--- Available data ---

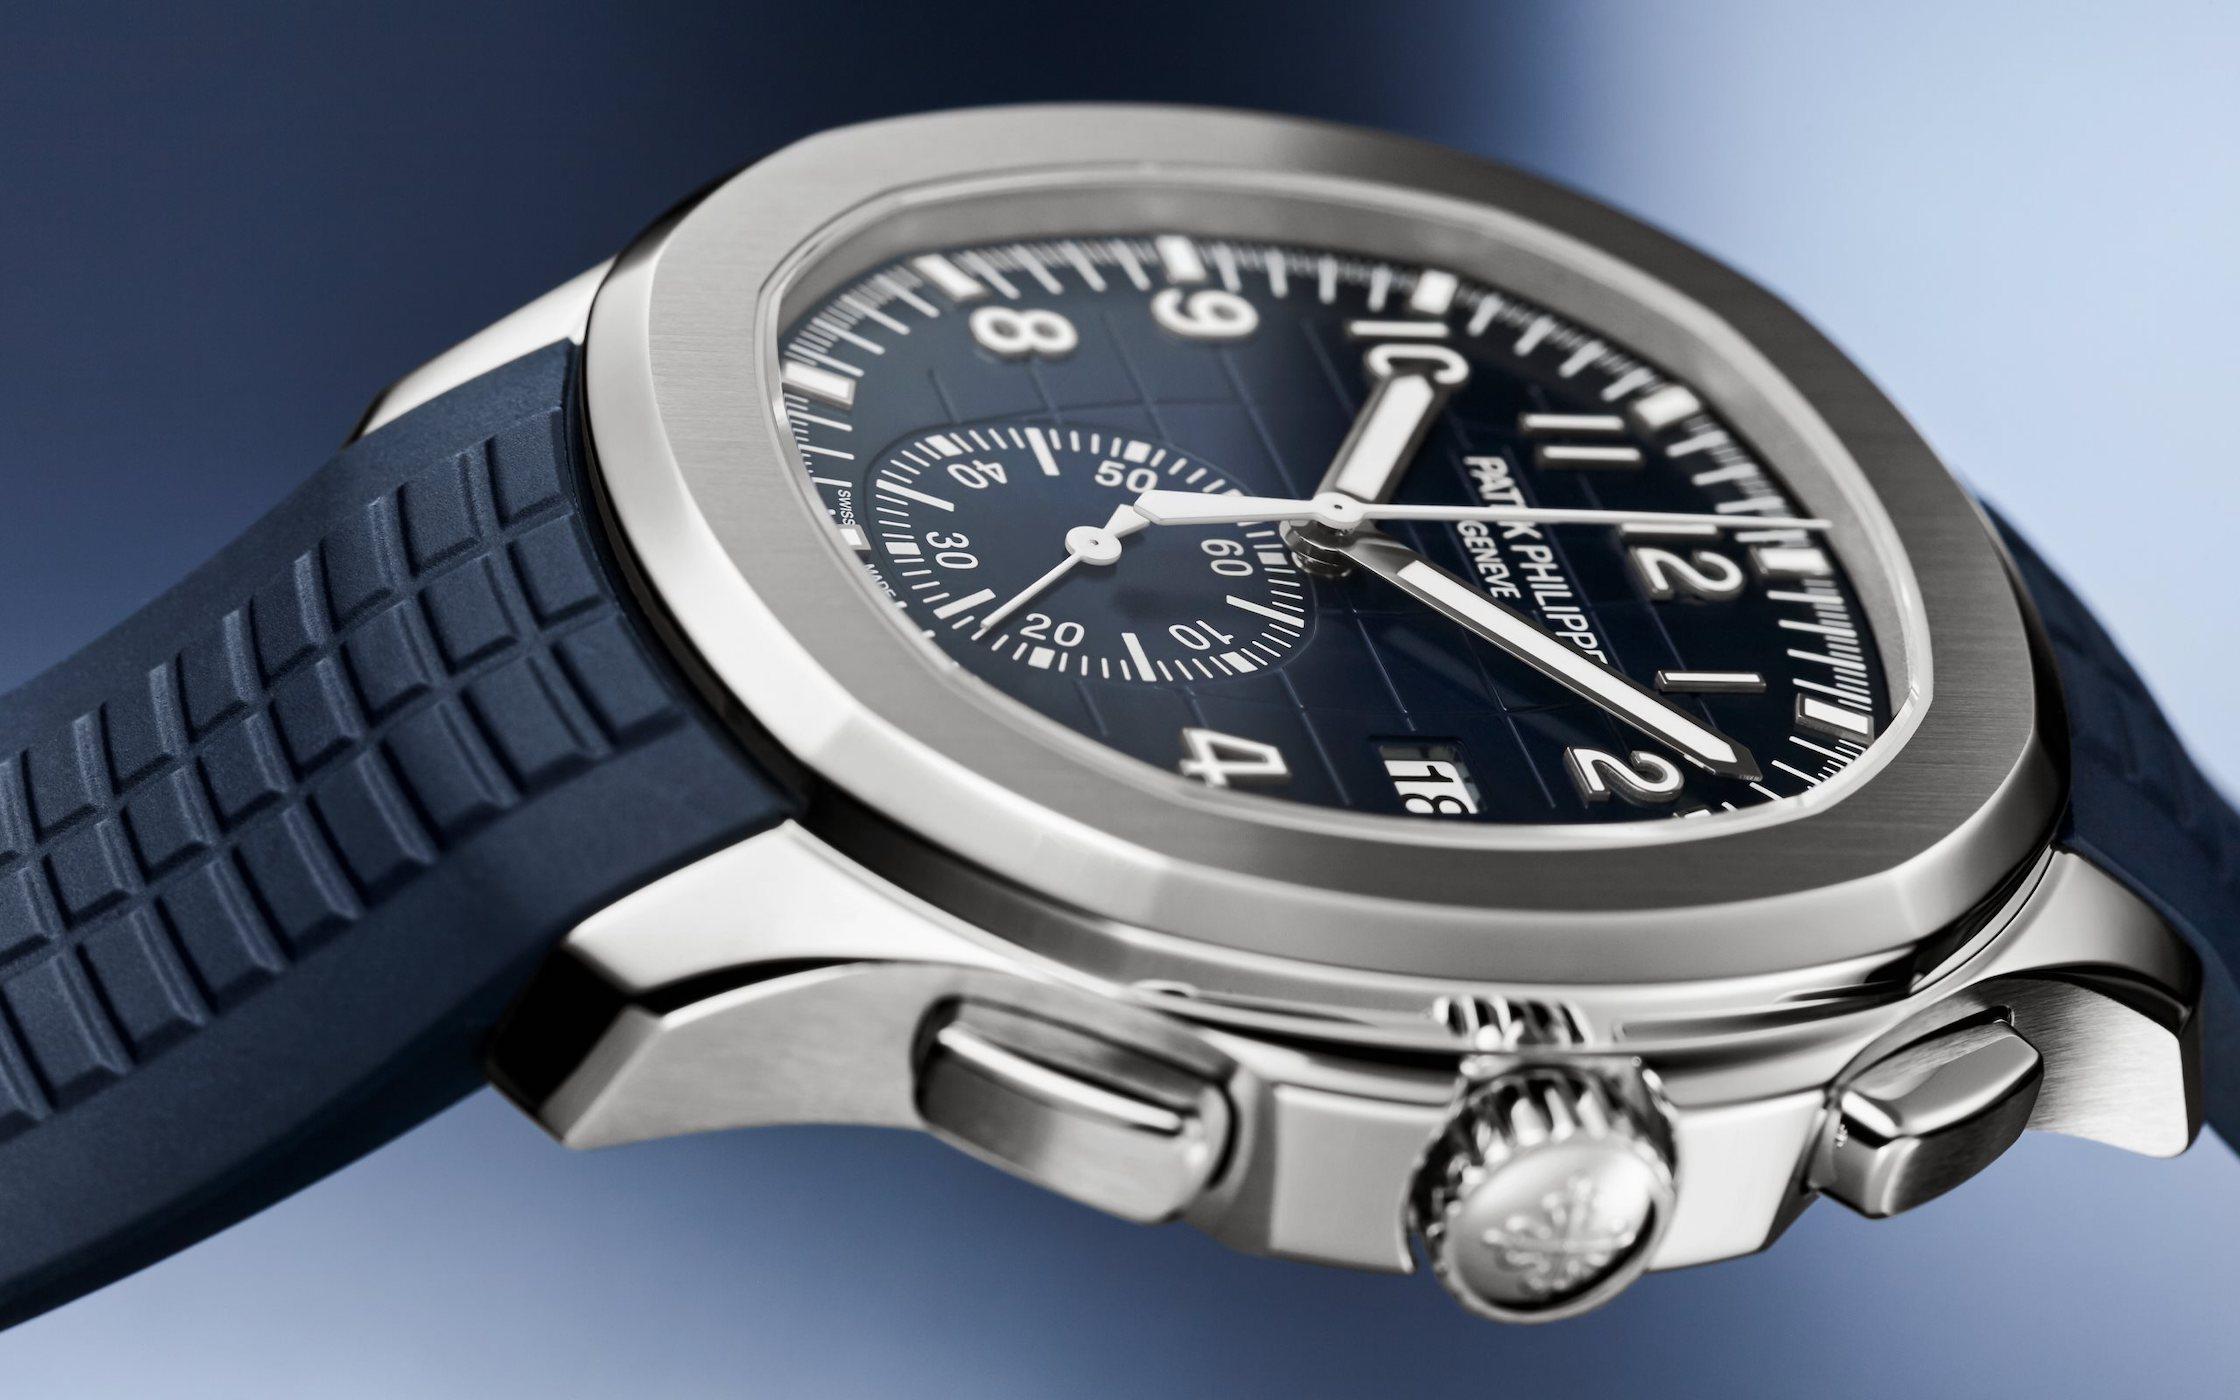 2021 Patek Philippe Aquanaut Chronograph 5968G-001 White gold blue dial
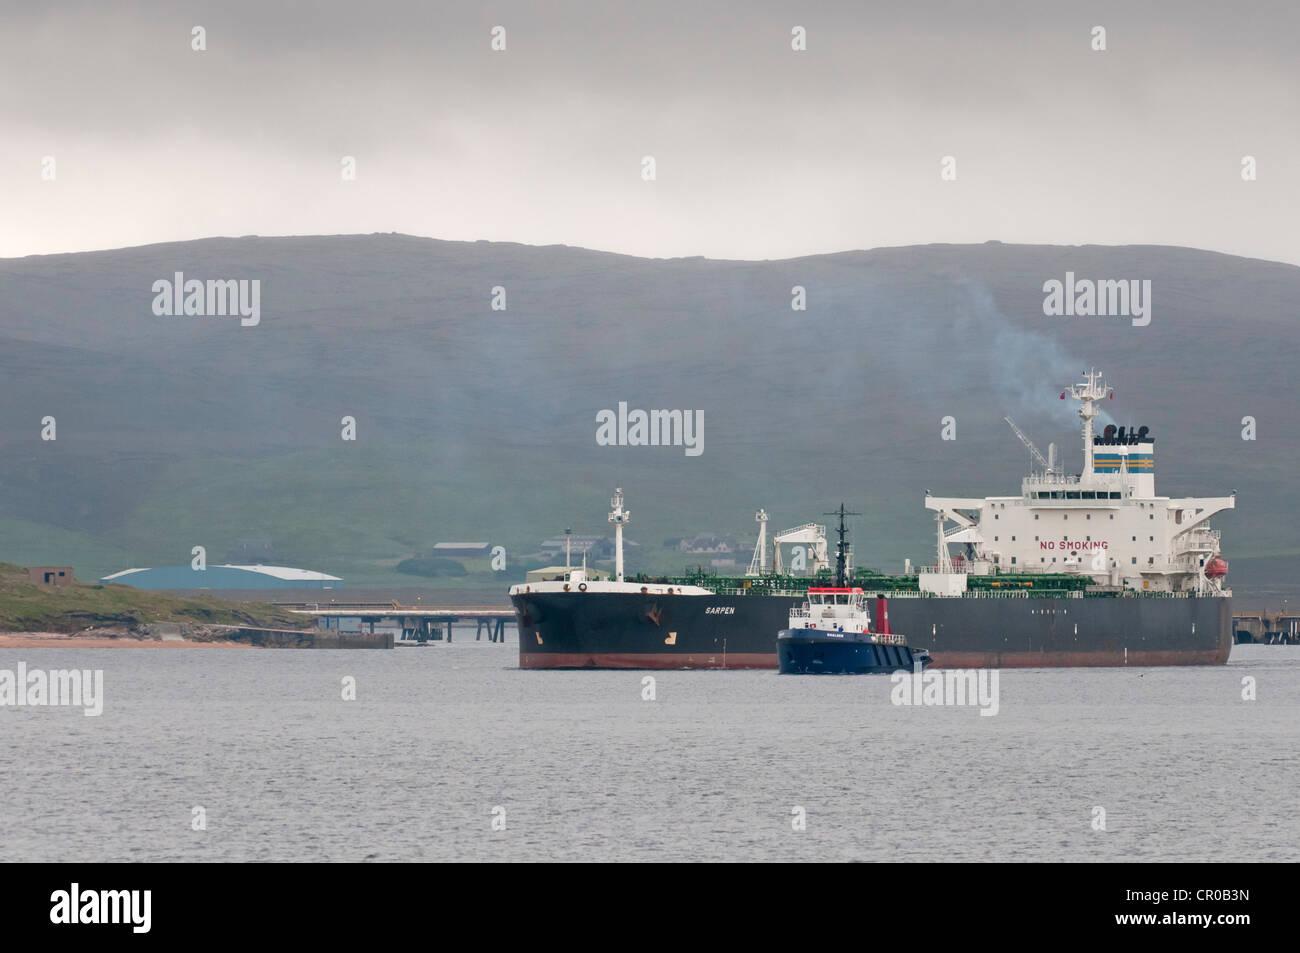 Oil tanker Sarpen and pilot boat Shalder negotiating Sullom Voe in the Shetland Islands. June 2010. - Stock Image
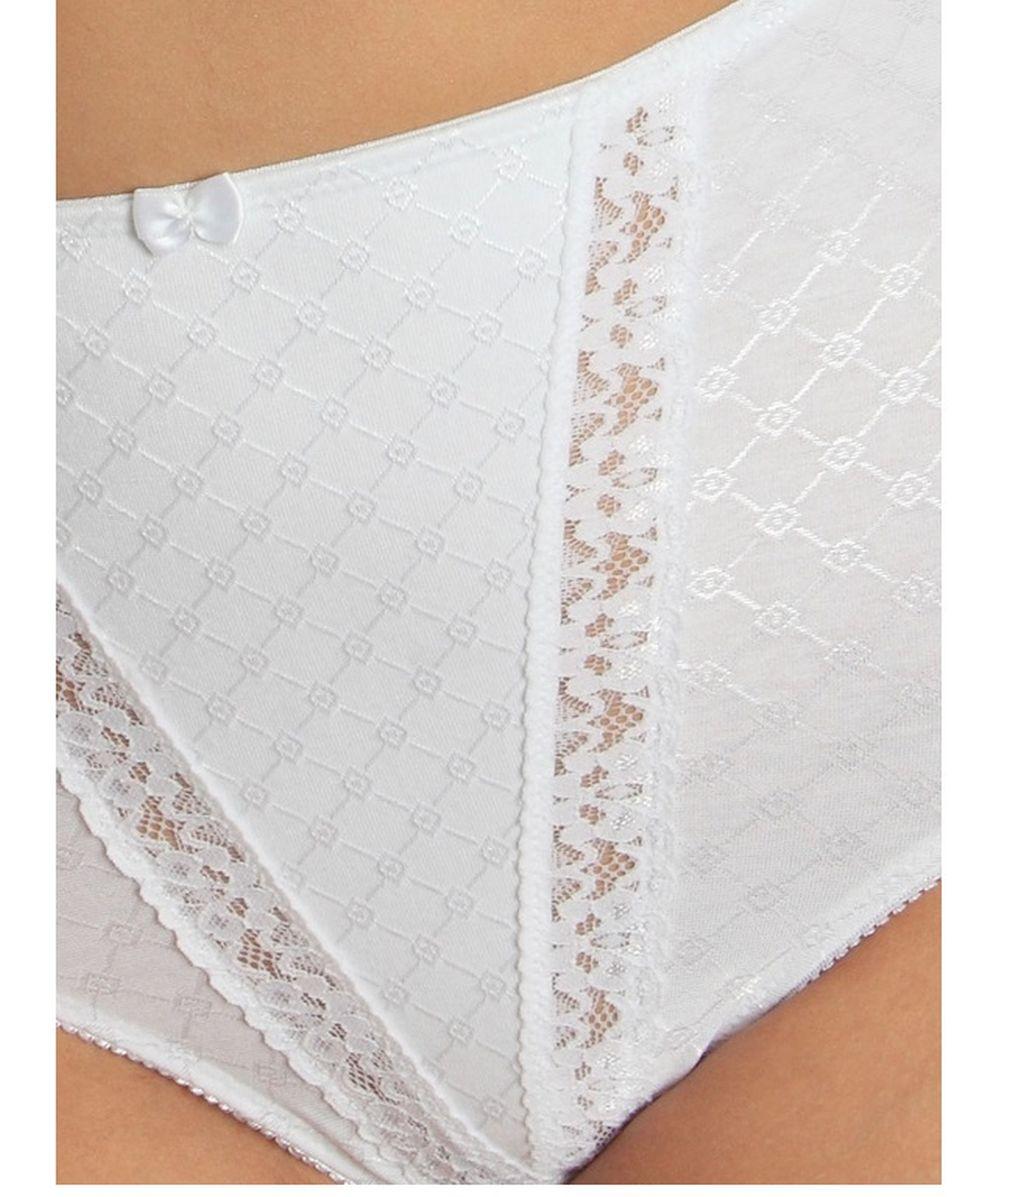 Sassa Damen Miederslip Panty Slip Bodyforming Shapewear 534 maxi Gr. 75 - 95
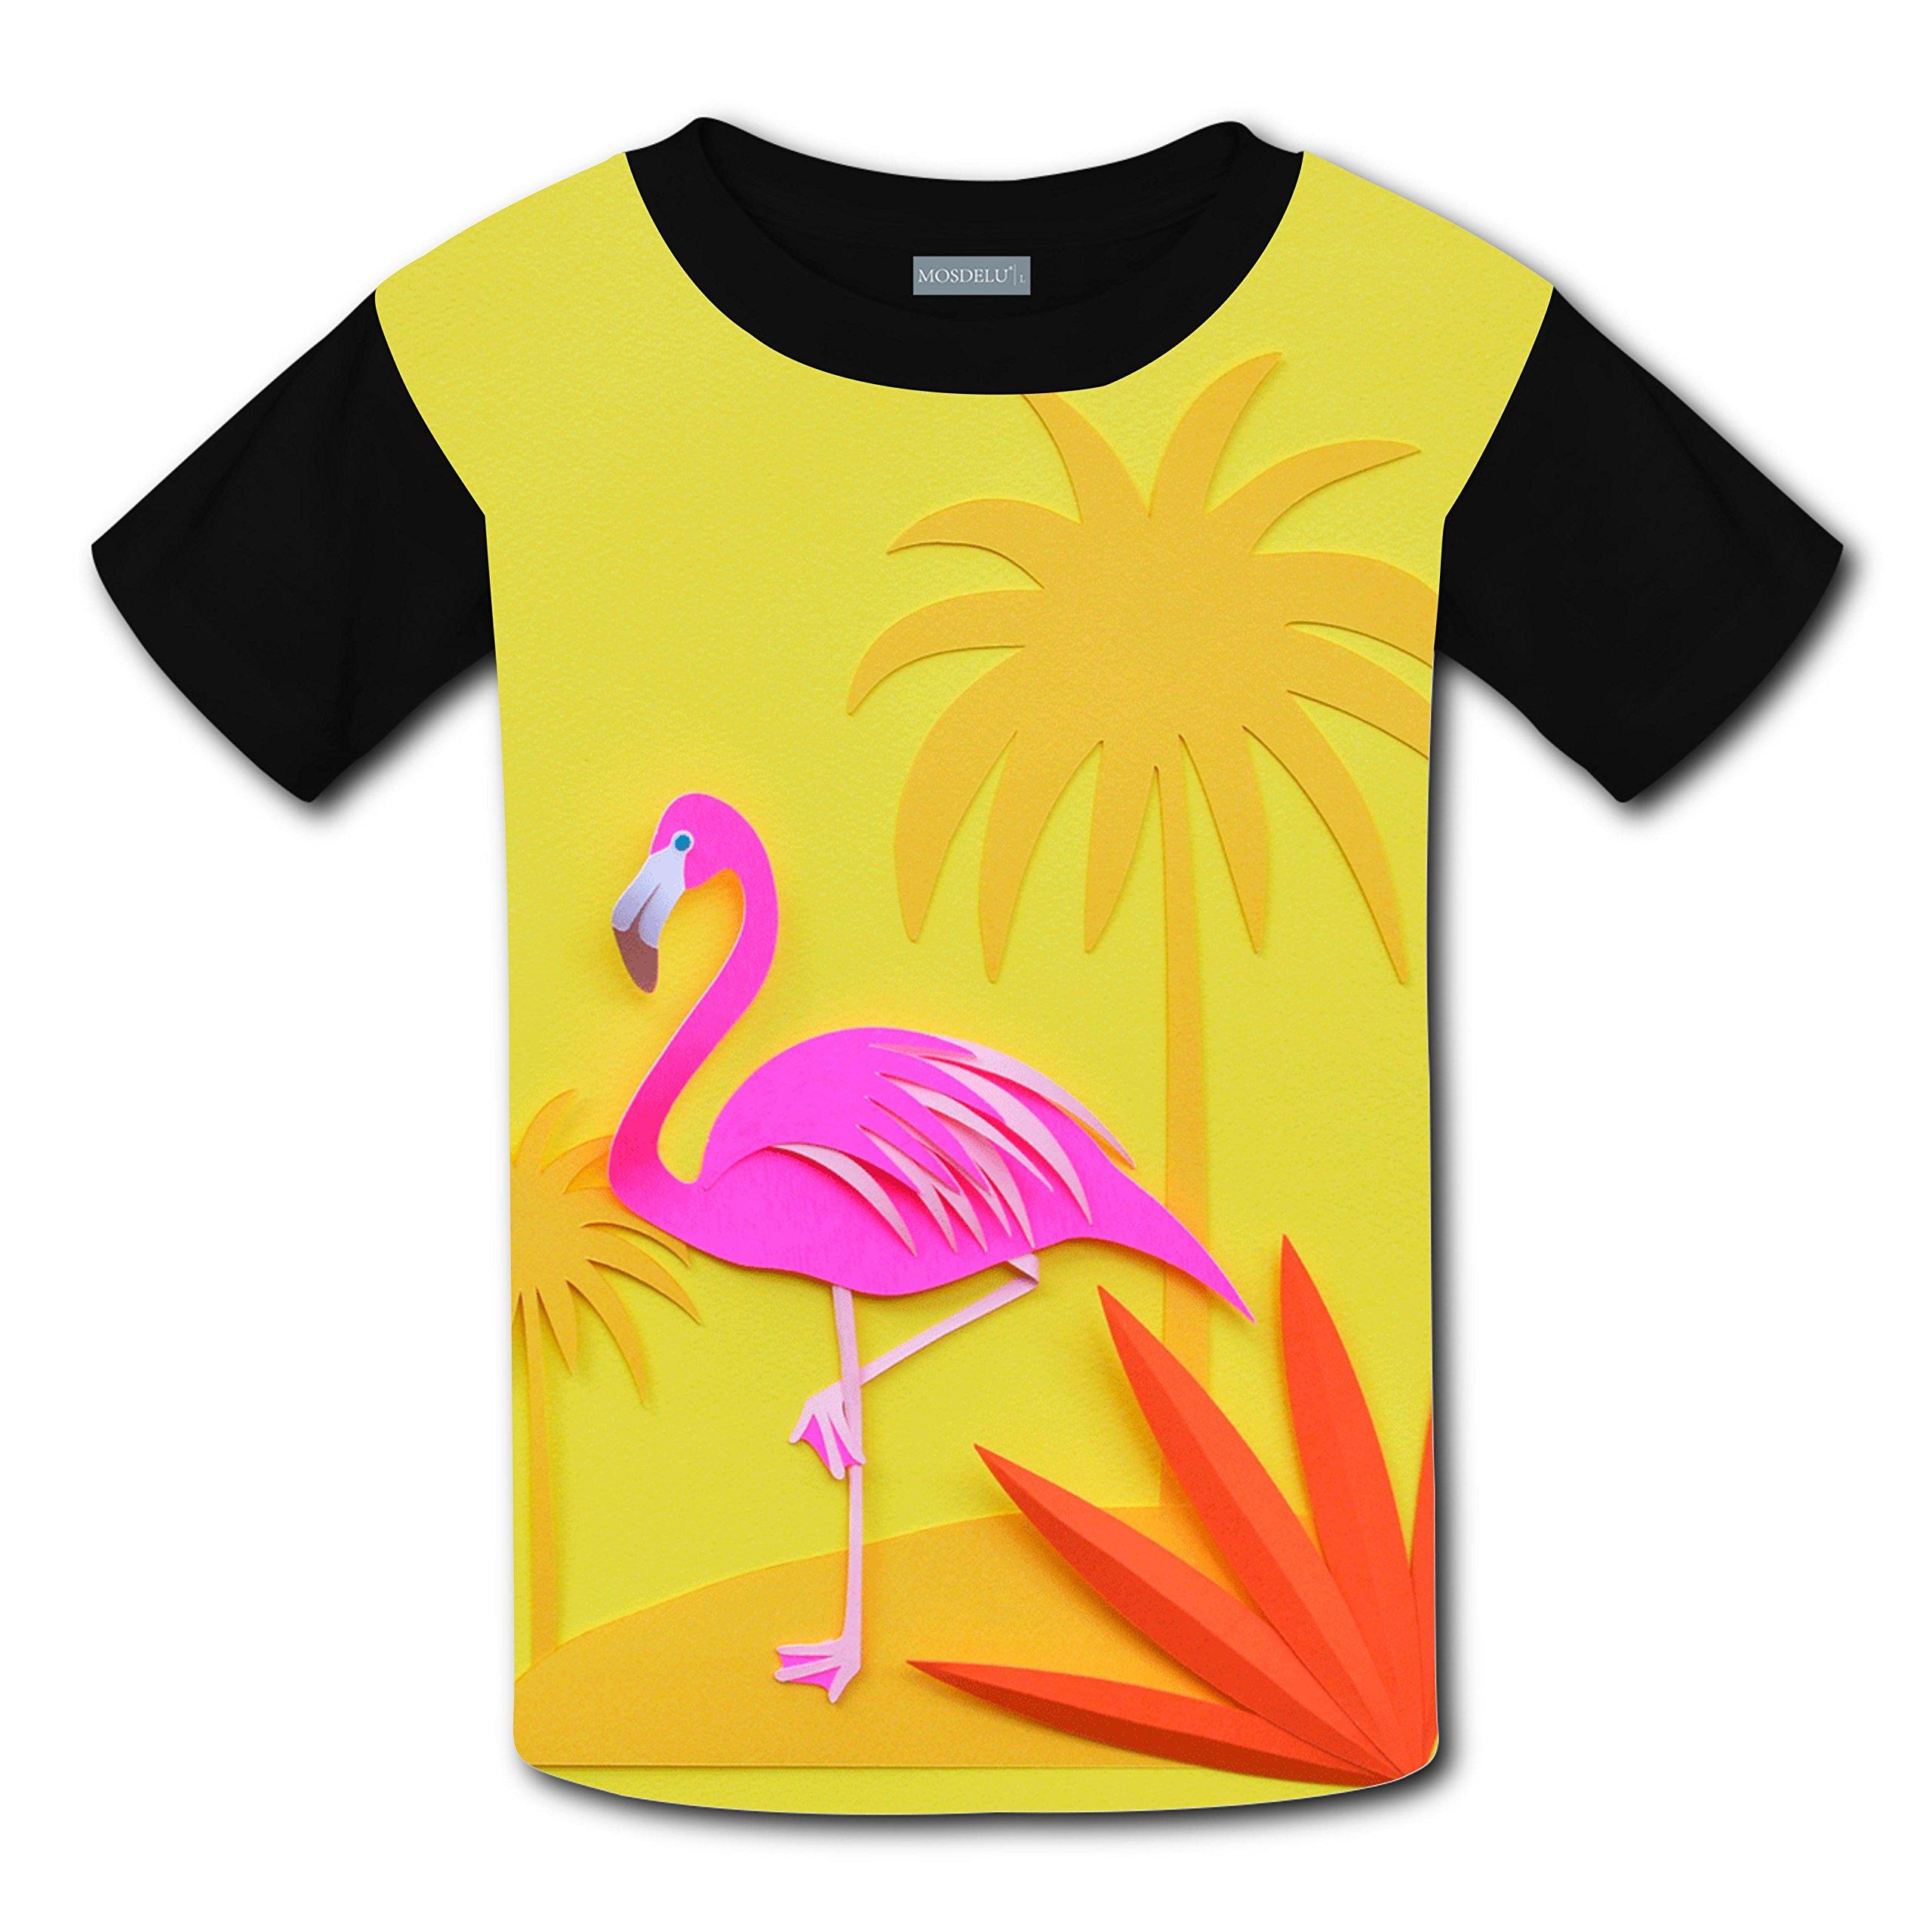 RODONO Unisex Kids Yello Flamingo Birthday Funny Round Collar Short Sleeve T- Shirt

---

§ **Task statement**
Copy exactly the lines running from the line with "Oil tanker Sarpen" to the final line of the listing, keeping both ends and dropping any picture.

§ **Task output**
 Oil tanker Sarpen and pilot boat Shalder negotiating Sullom Voe in the Shetland Islands. June 2010. - Stock Image
 Sassa Damen Miederslip Panty Slip Bodyforming Shapewear 534 maxi Gr. 75 - 95
 RODONO Unisex Kids Yello Flamingo Birthday Funny Round Collar Short Sleeve T- Shirt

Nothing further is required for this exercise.